[What is being asked]
Reproduce the full listing below exactly. Do not include the pictures.

═════ Information supplied

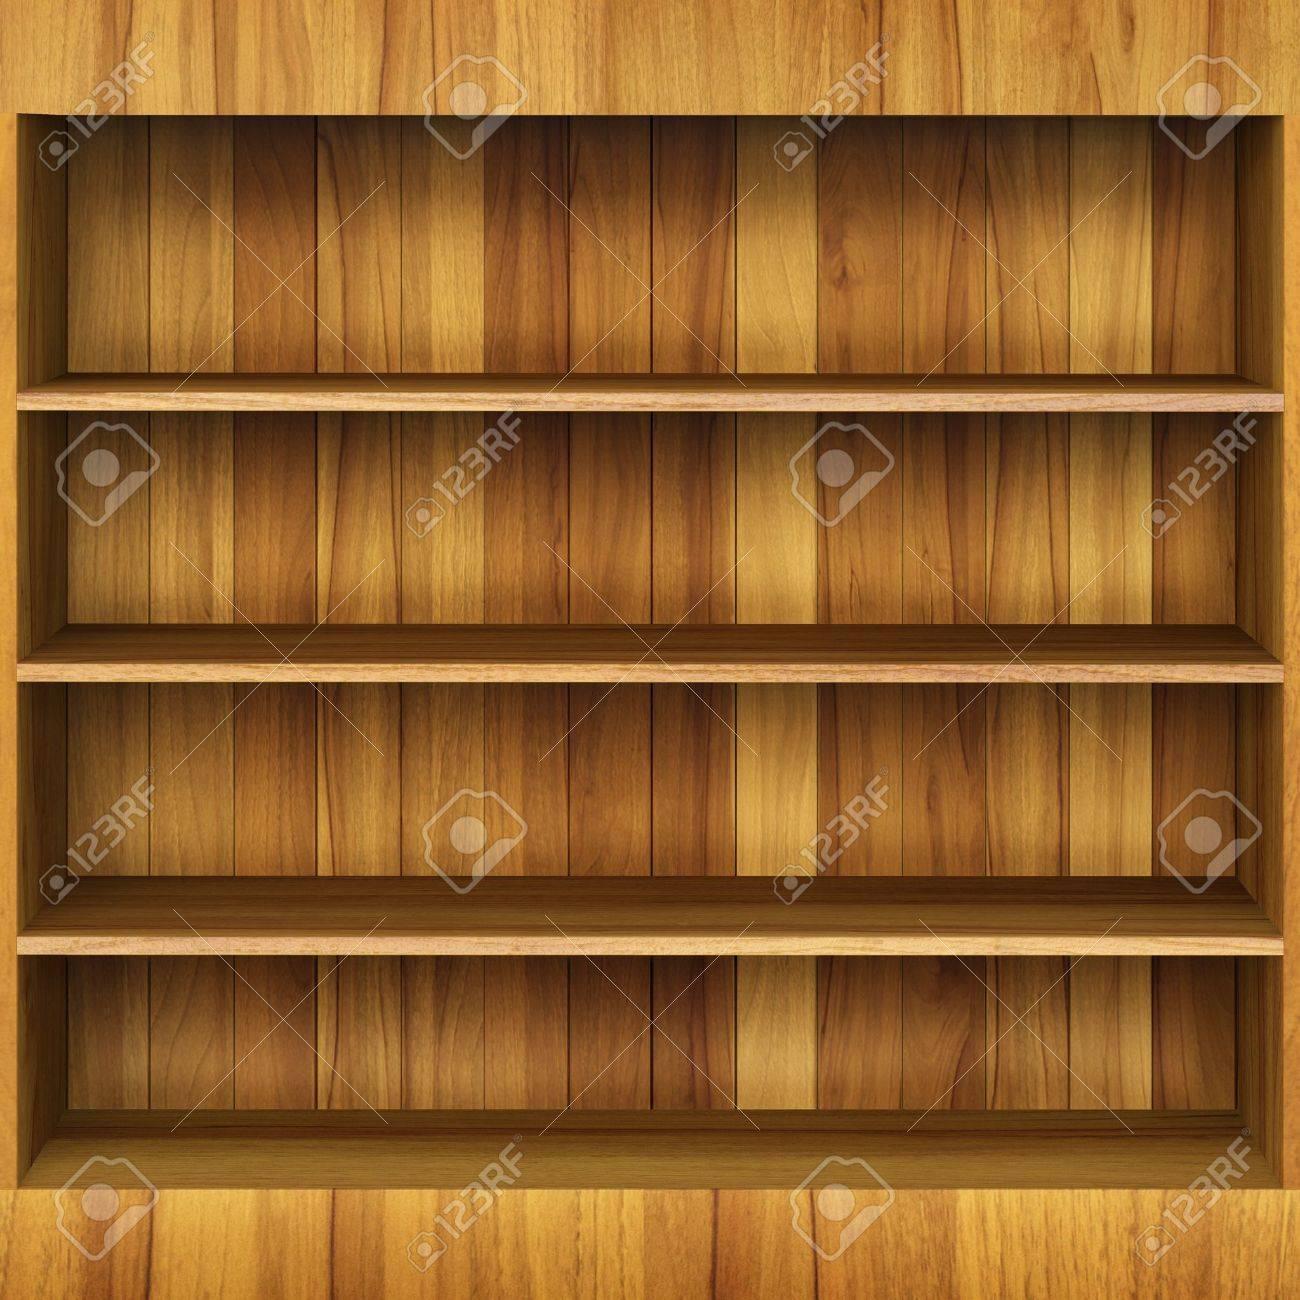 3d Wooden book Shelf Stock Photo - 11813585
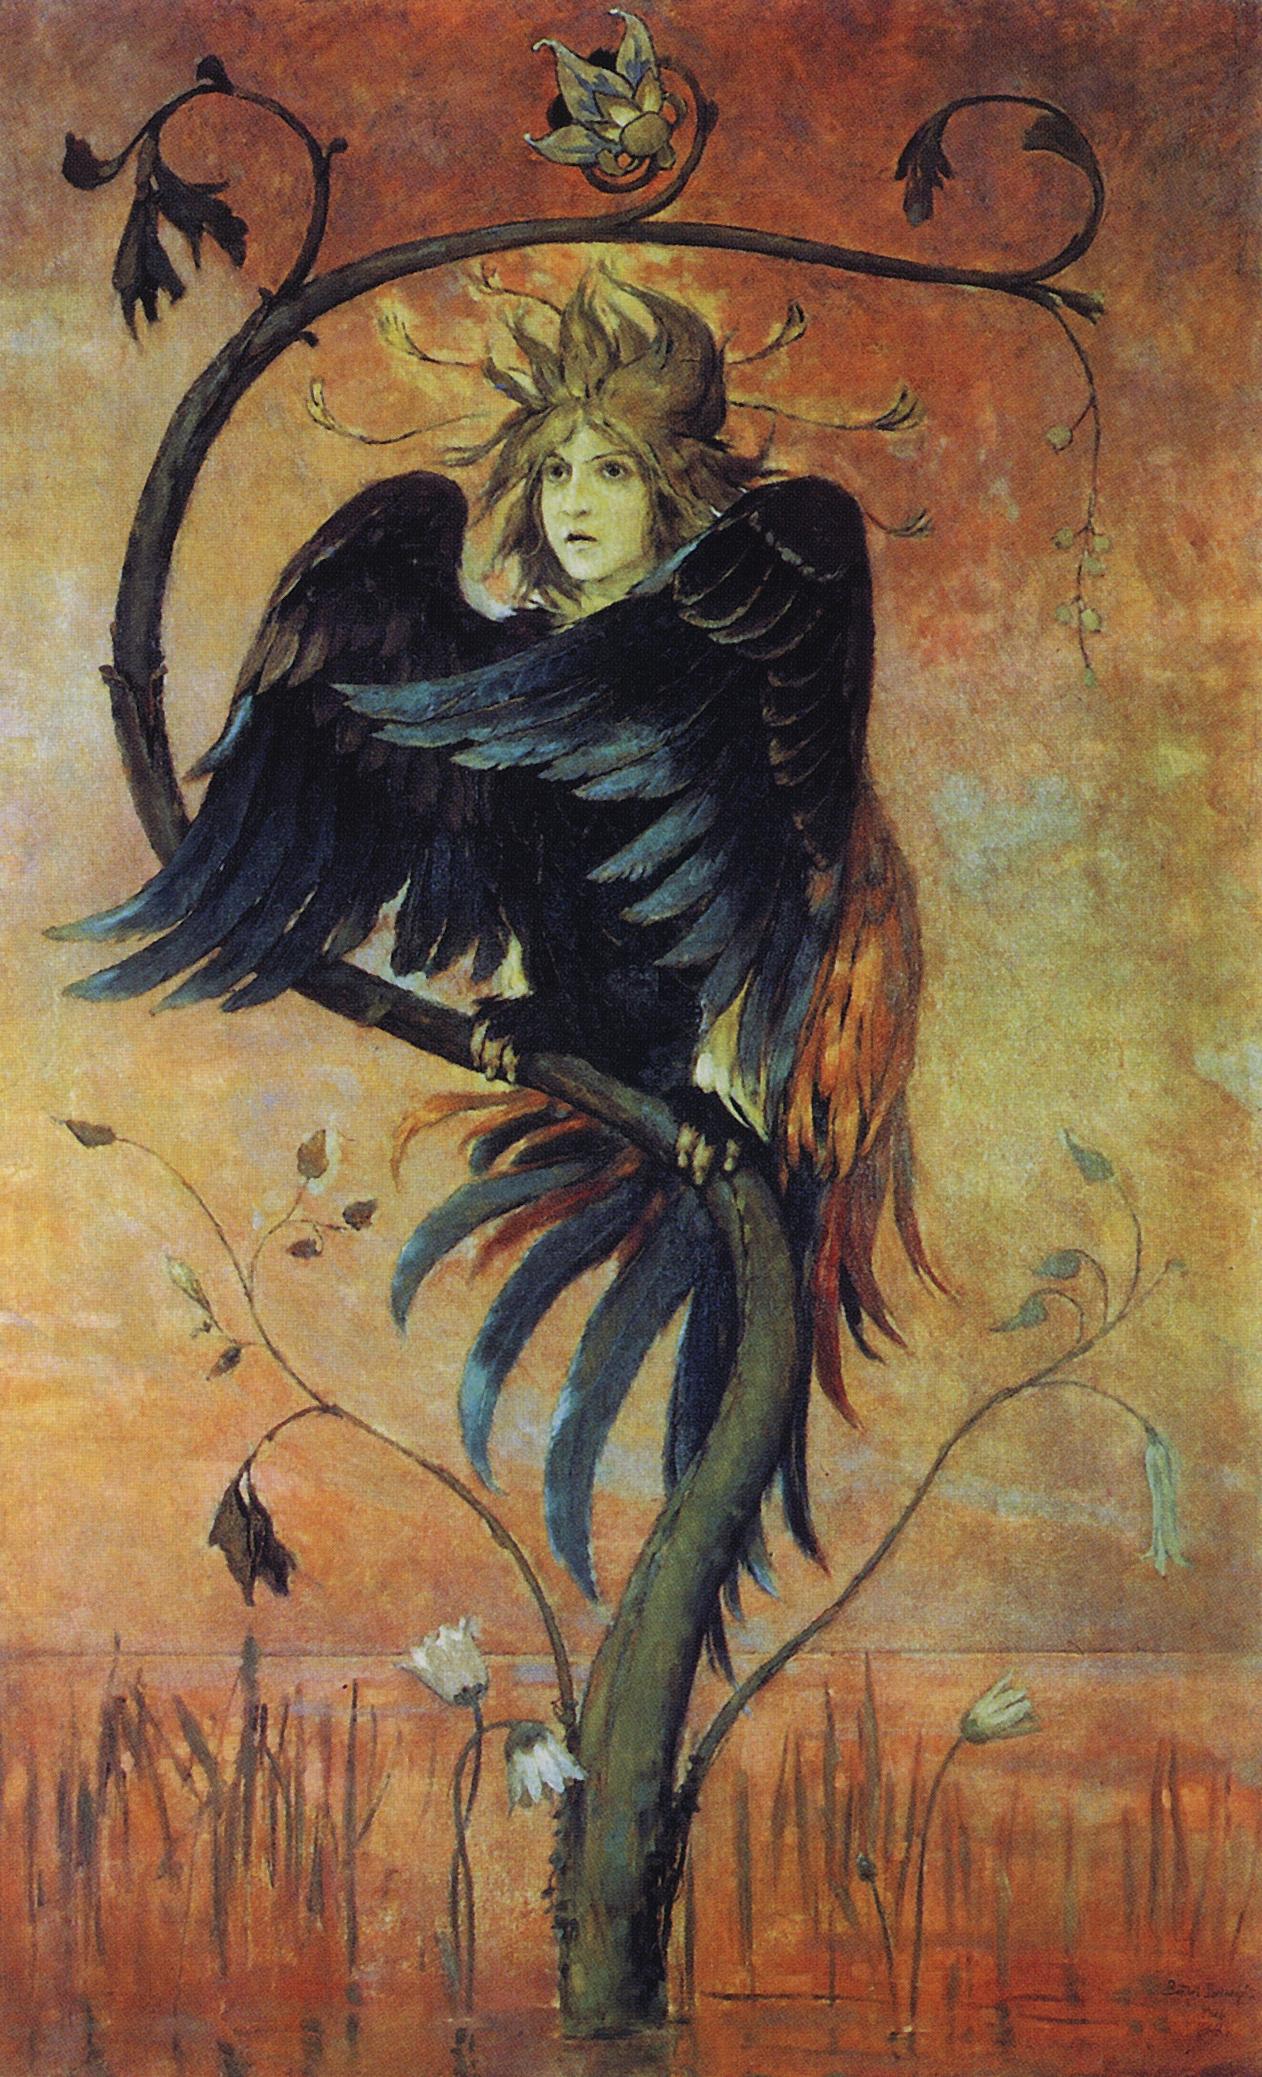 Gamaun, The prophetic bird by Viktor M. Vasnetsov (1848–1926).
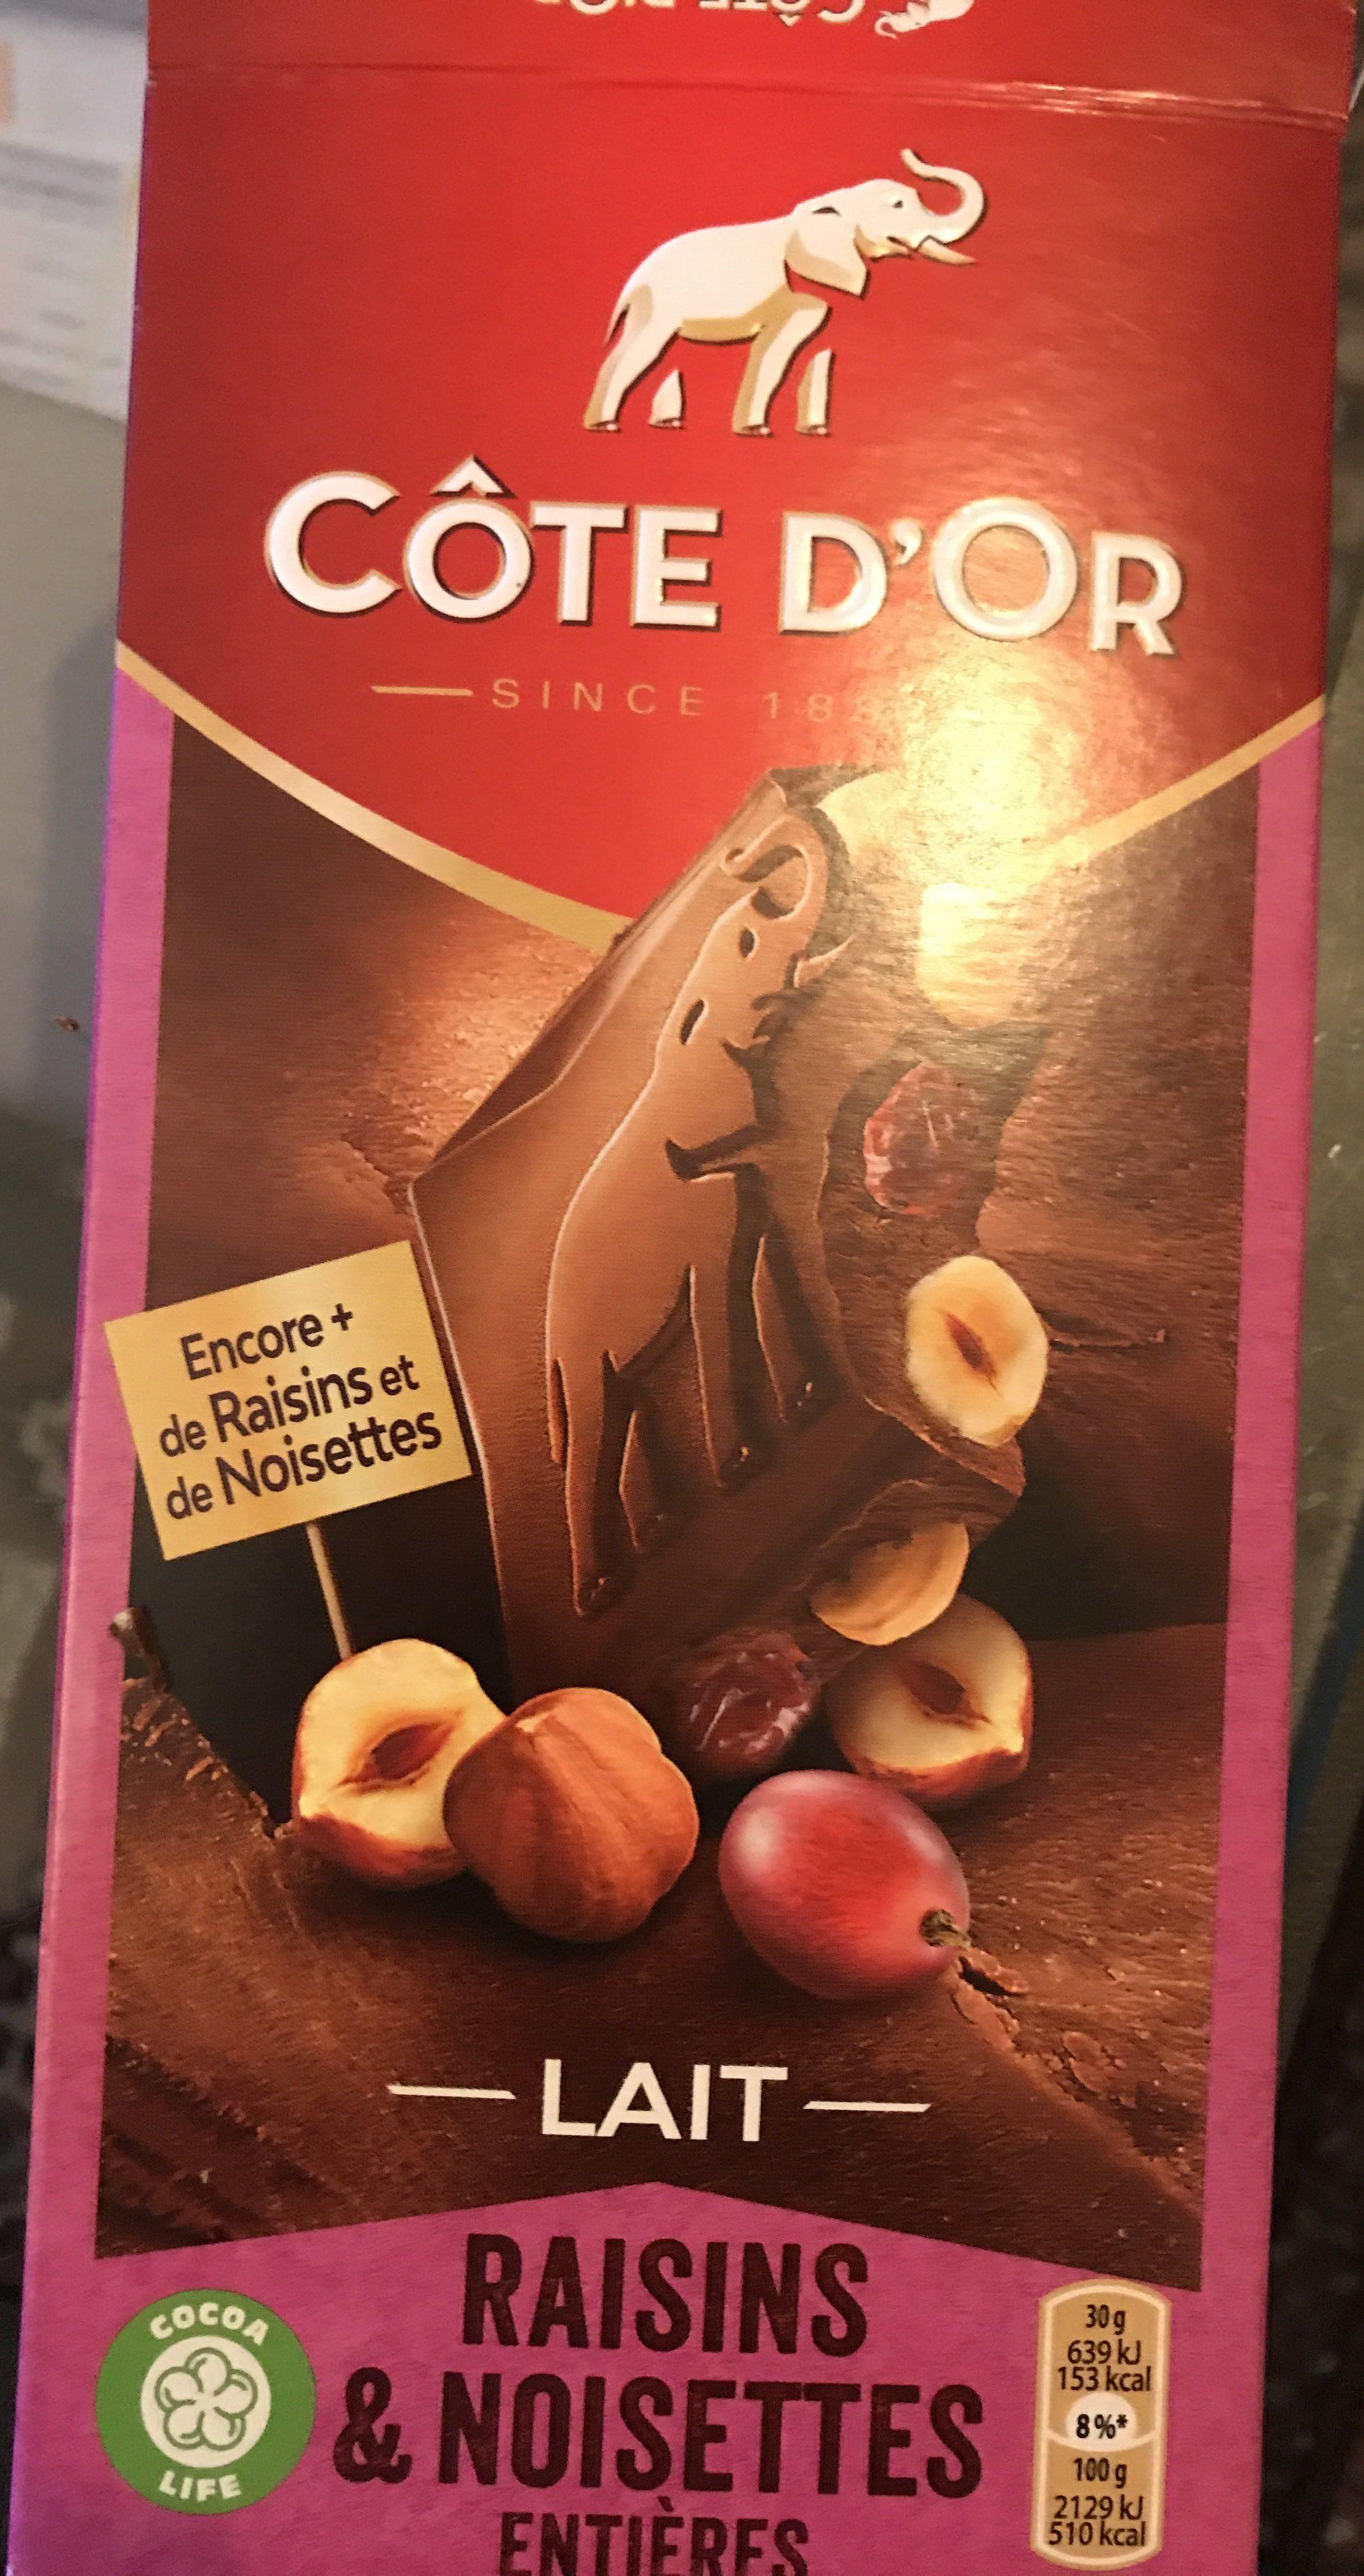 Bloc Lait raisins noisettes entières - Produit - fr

══════════

[Solution to the exercise]
 3d Wooden book Shelf Stock Photo - 11813585
 Gamaun, The prophetic bird by Viktor M. Vasnetsov (1848–1926).
 Bloc Lait raisins noisettes entières - Produit - fr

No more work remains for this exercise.